→ **Exercise directions**:
Output the data word for word, dropping every image.
(The data)
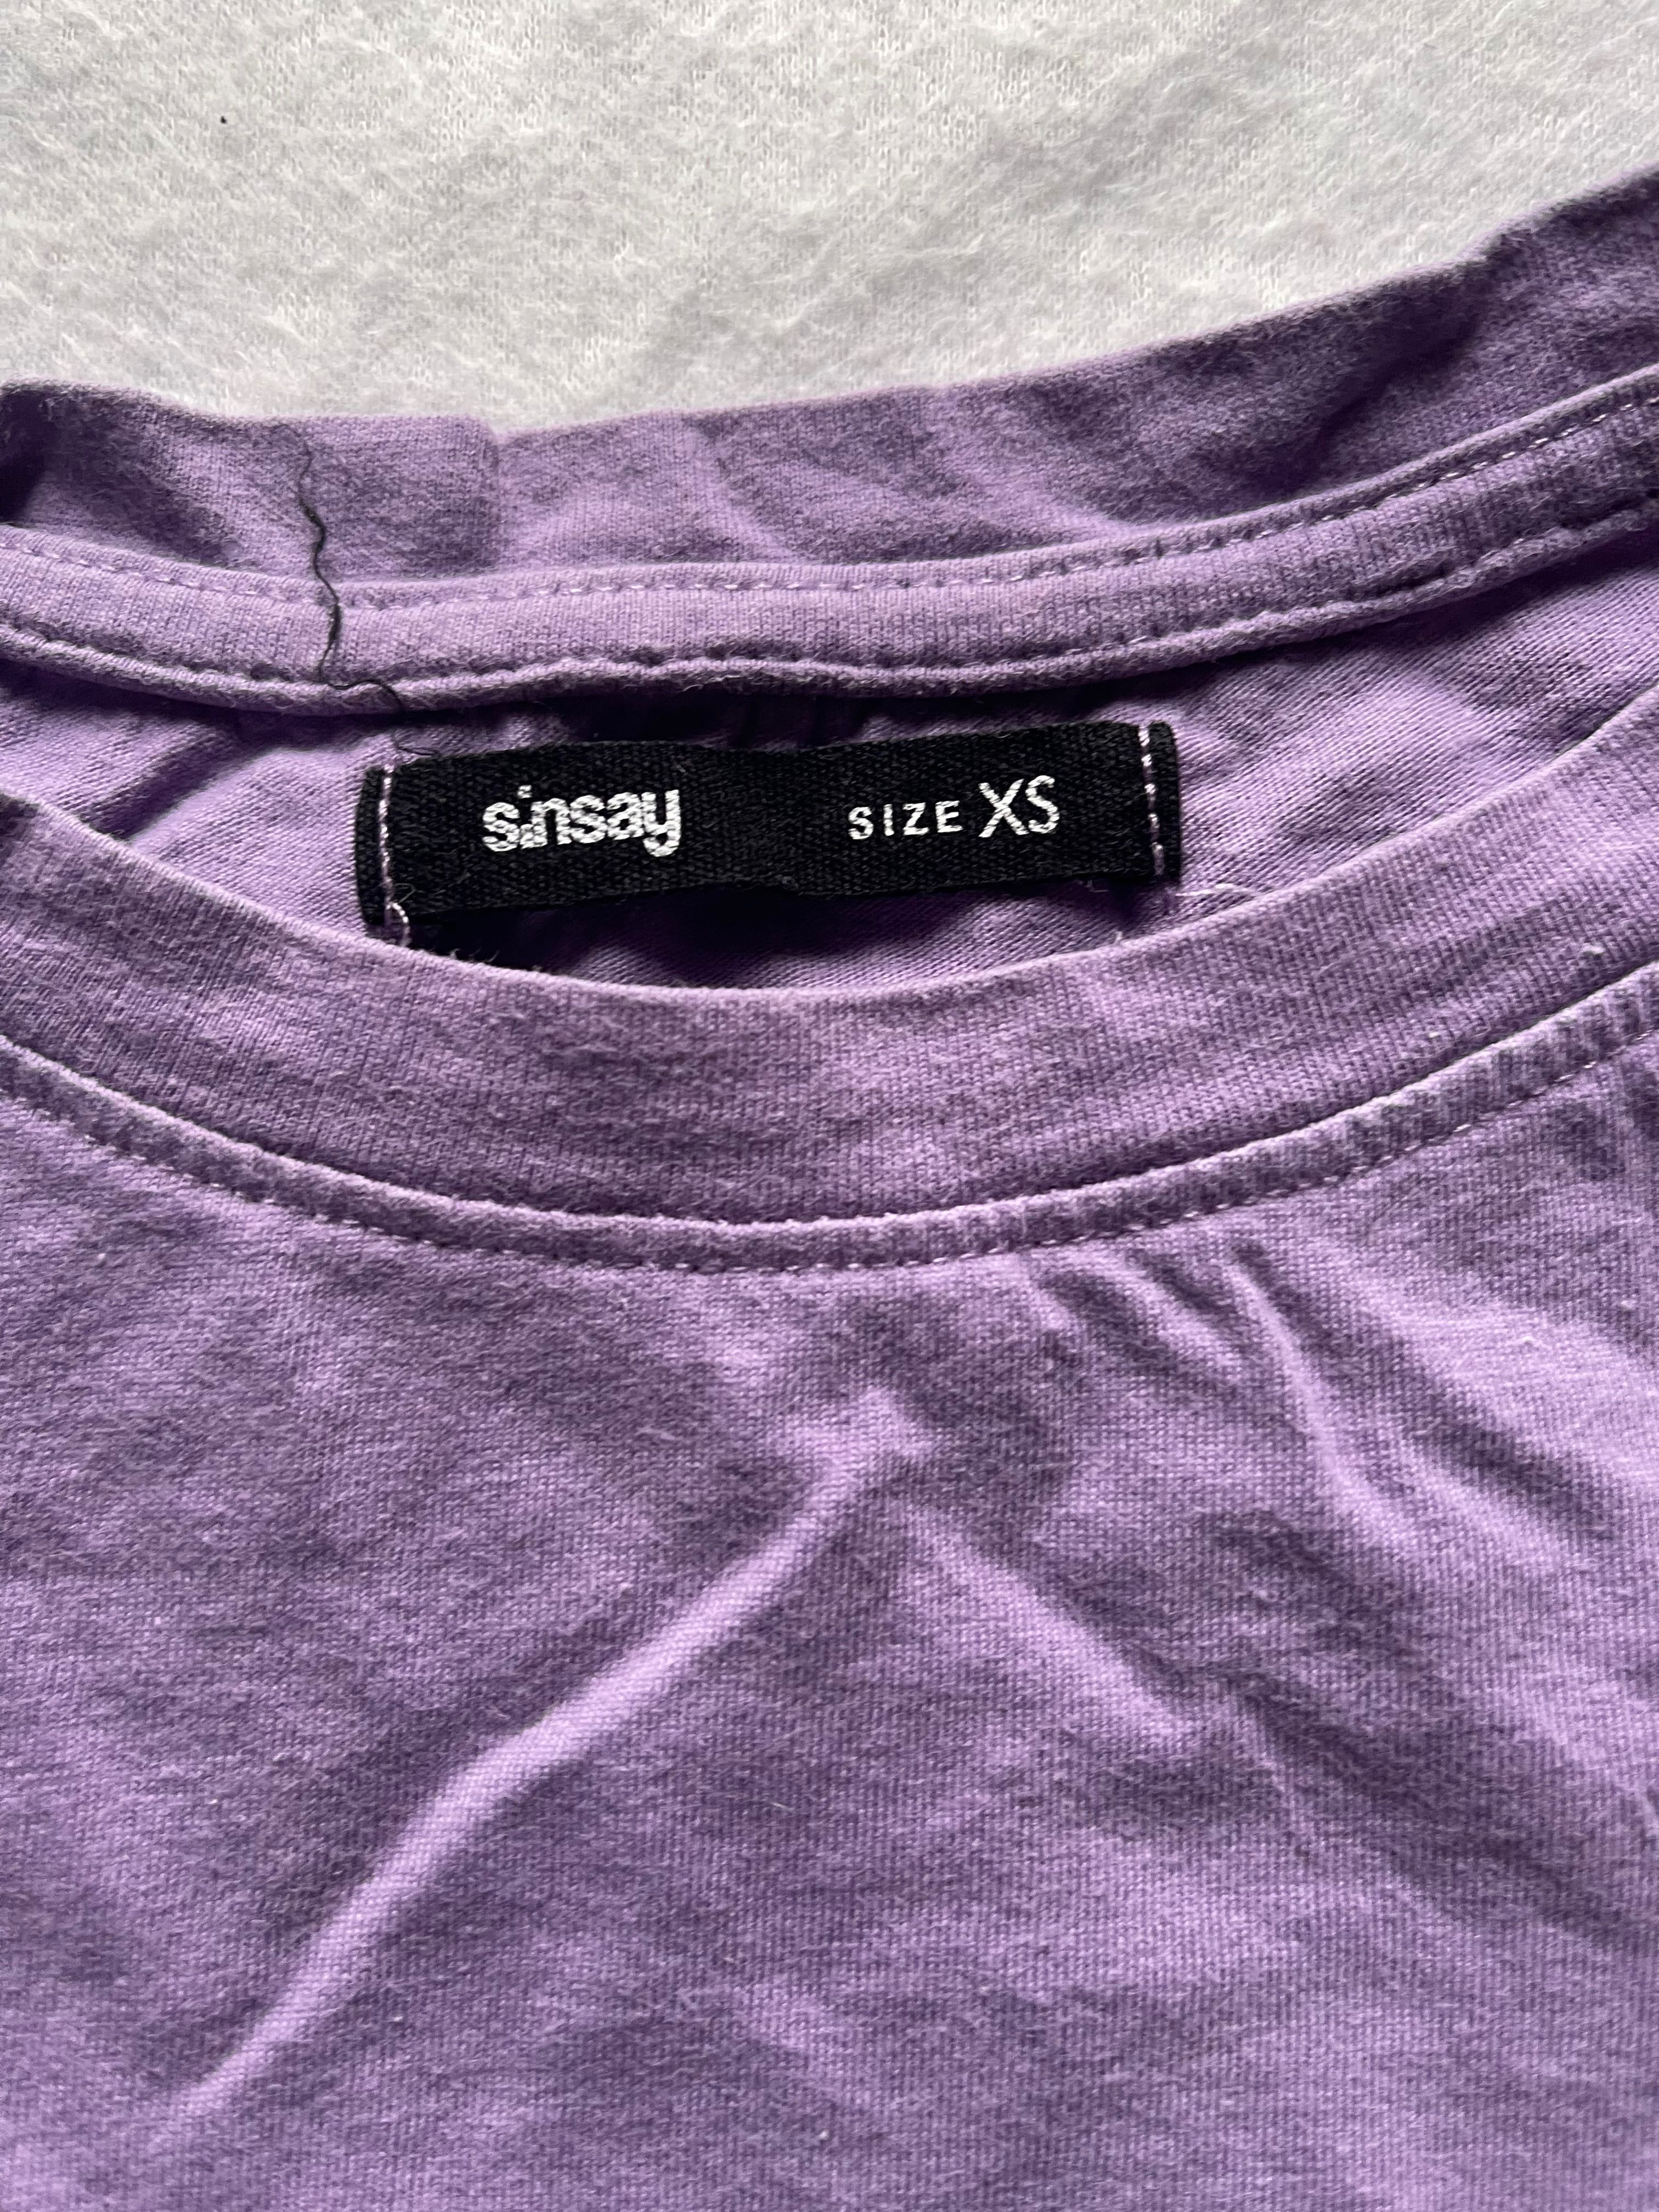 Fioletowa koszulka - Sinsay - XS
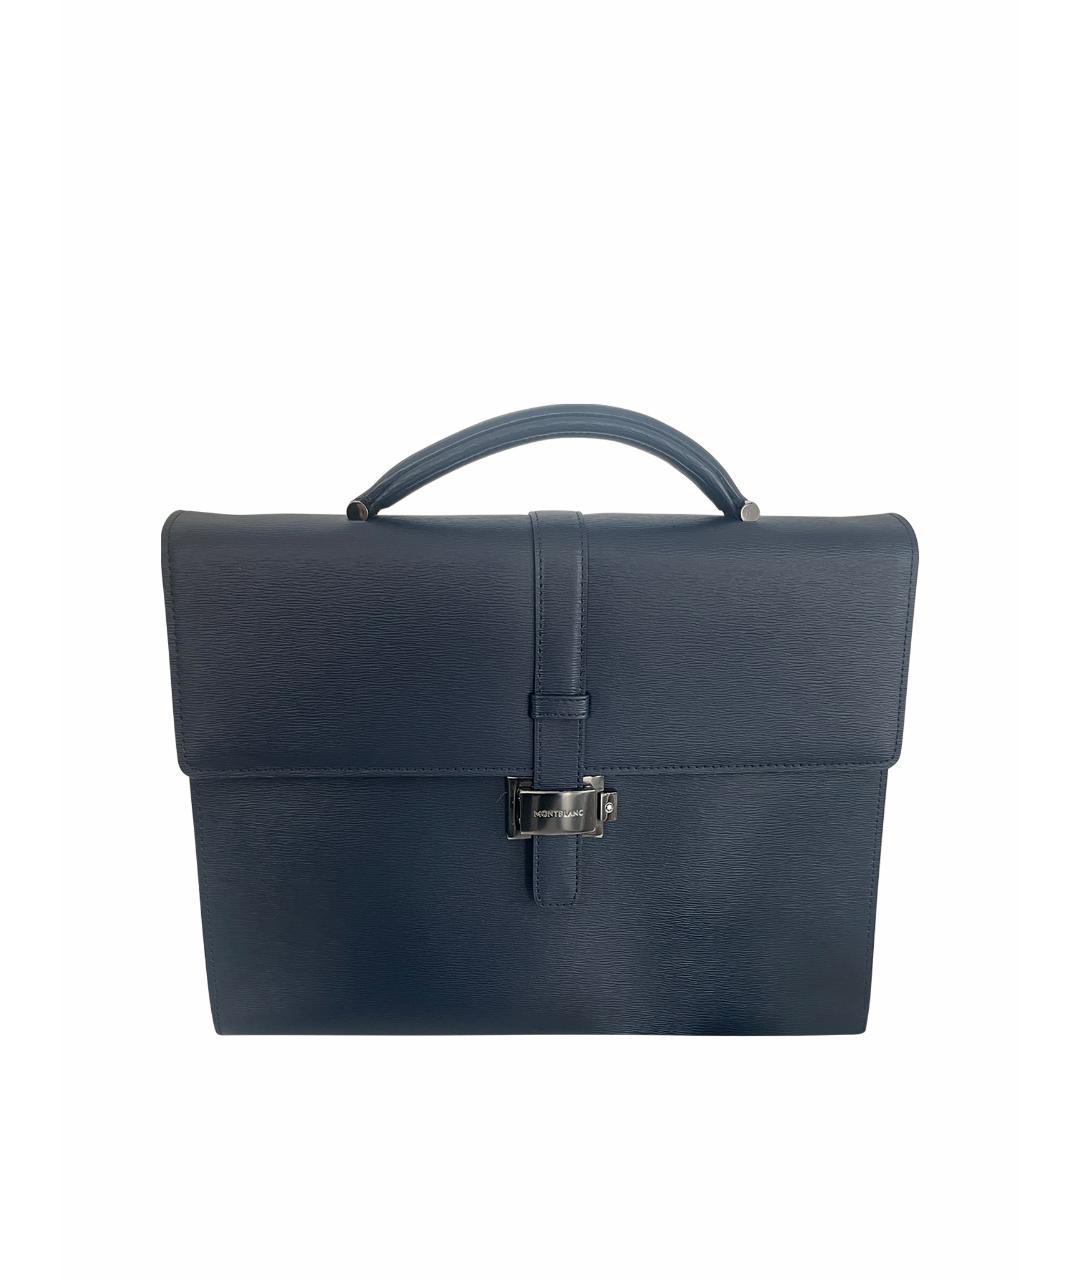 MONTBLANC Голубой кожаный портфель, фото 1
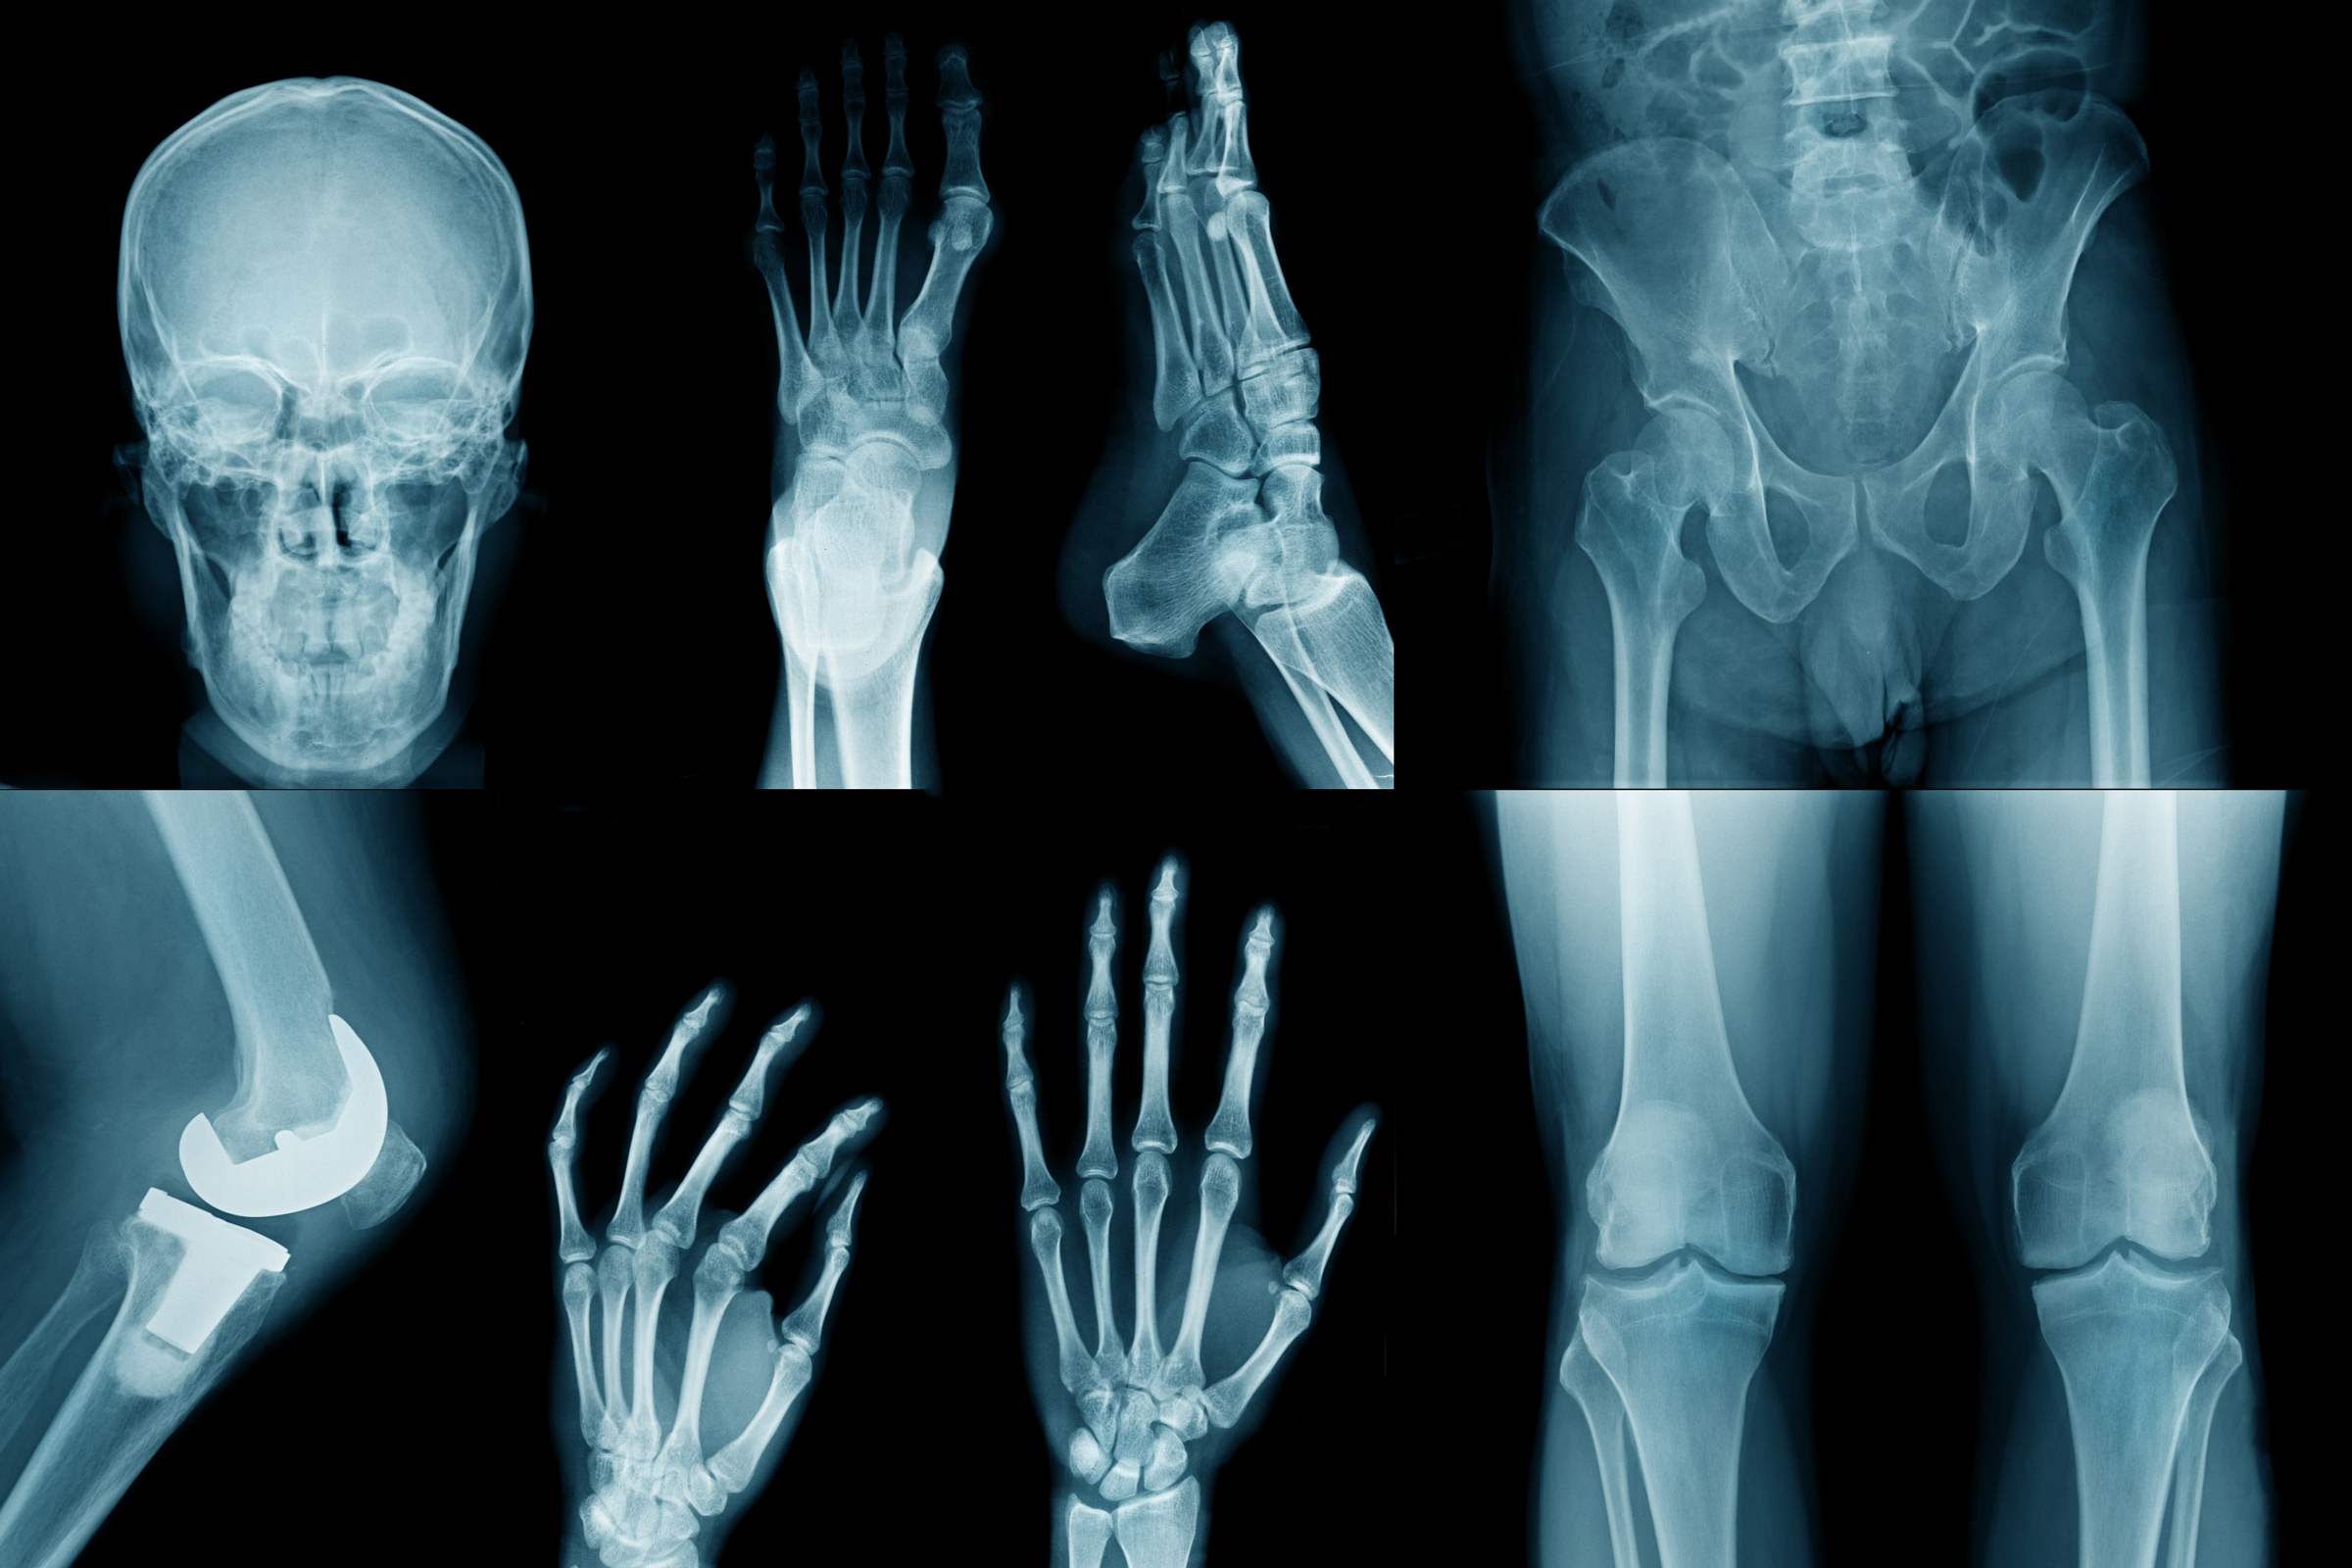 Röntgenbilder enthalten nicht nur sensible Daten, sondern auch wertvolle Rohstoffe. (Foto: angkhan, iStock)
(End The data)
→ **Exercise output**:
 Fioletowa koszulka - Sinsay - XS
 MONTBLANC Голубой кожаный портфель, фото 1
 Röntgenbilder enthalten nicht nur sensible Daten, sondern auch wertvolle Rohstoffe. (Foto: angkhan, iStock)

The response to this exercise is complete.